The required output is the exact run of lines in the listing below from the line holding "Chimp cuddling baby - Stock Image" through the line holding "RAW bistro chick", with no pictures.

SUPPLIED DATA:
++++++++++++++++++++

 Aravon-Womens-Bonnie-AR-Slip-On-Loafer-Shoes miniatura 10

++++++++++++++++++++

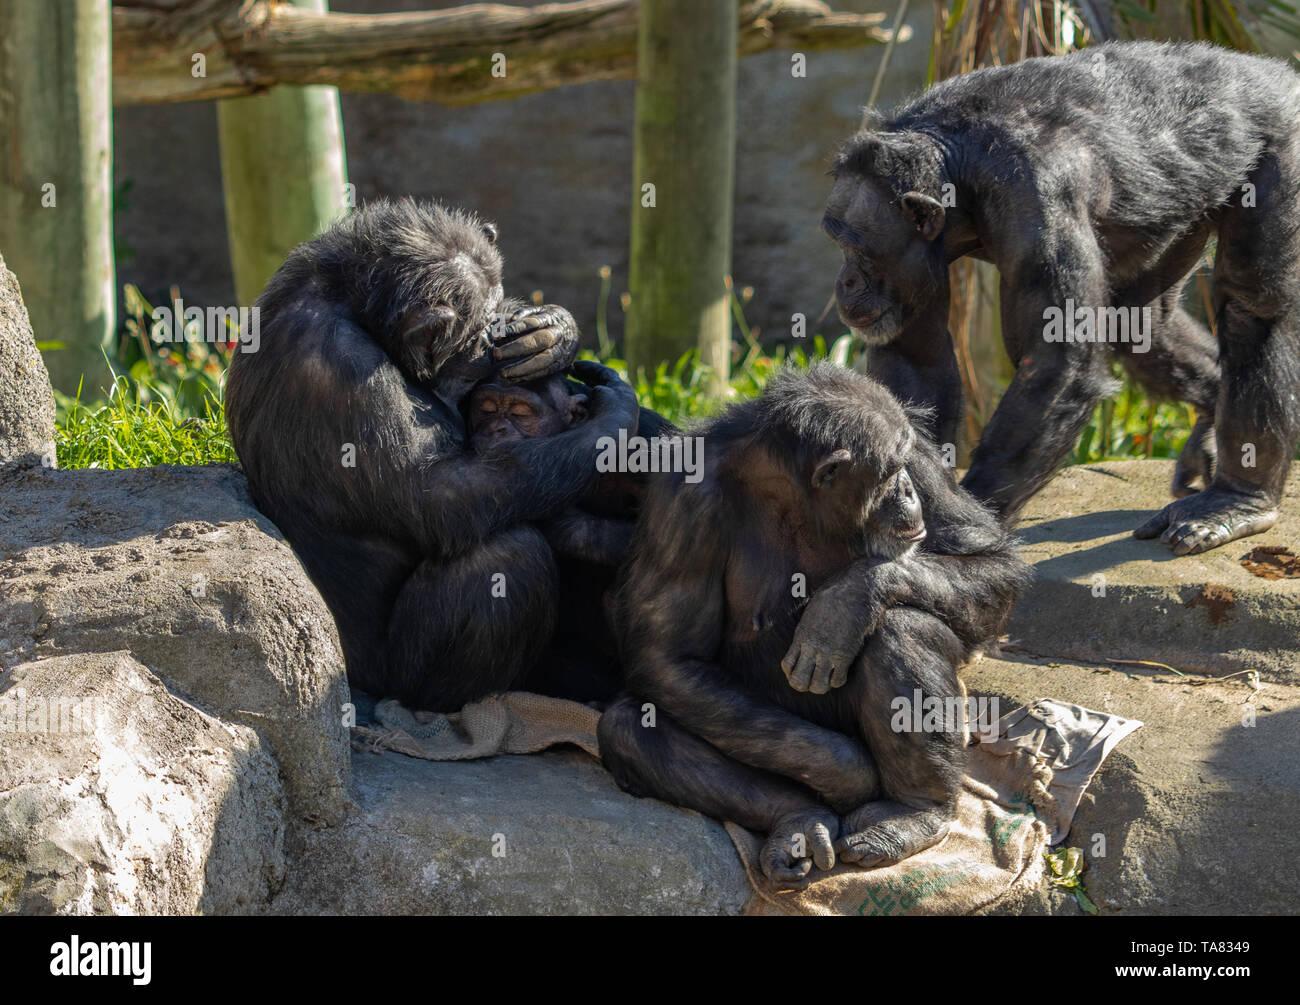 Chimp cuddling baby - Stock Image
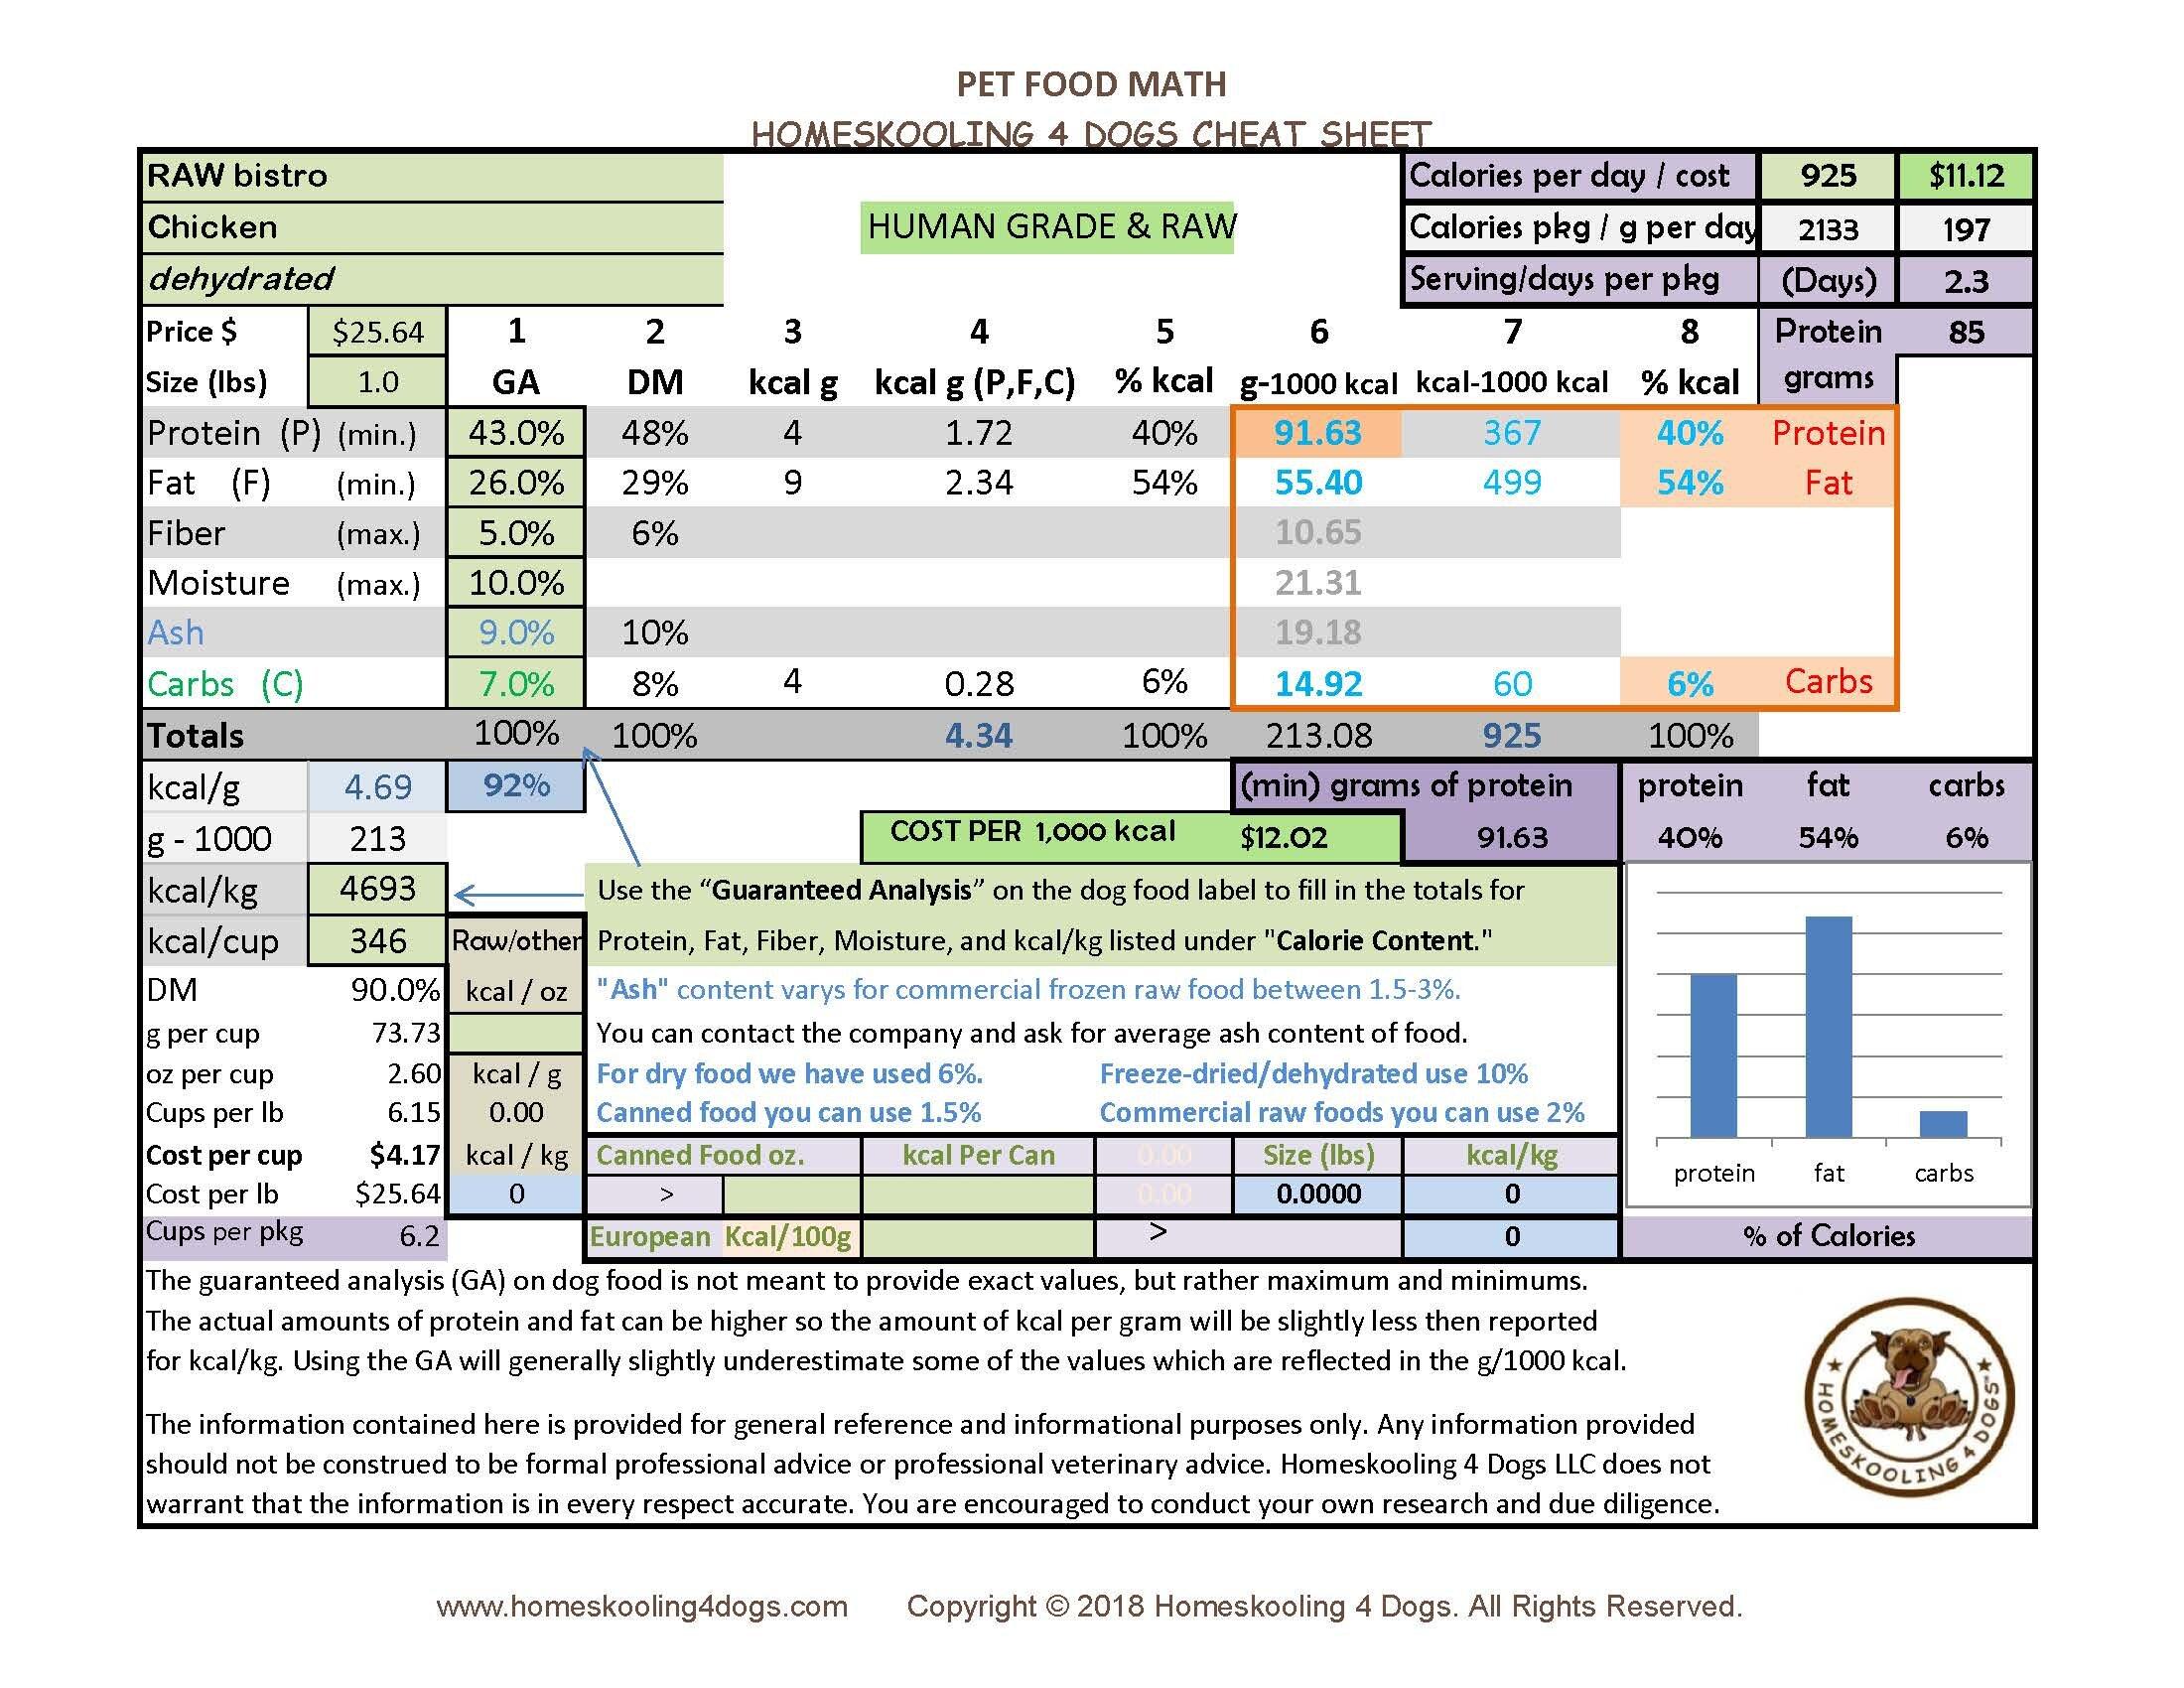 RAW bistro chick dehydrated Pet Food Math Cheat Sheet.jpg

++++++++++++++++++++

SOLUTION TO THE EXERCISE:
 Chimp cuddling baby - Stock Image
 RAW bistro chick dehydrated Pet Food Math Cheat Sheet.jpg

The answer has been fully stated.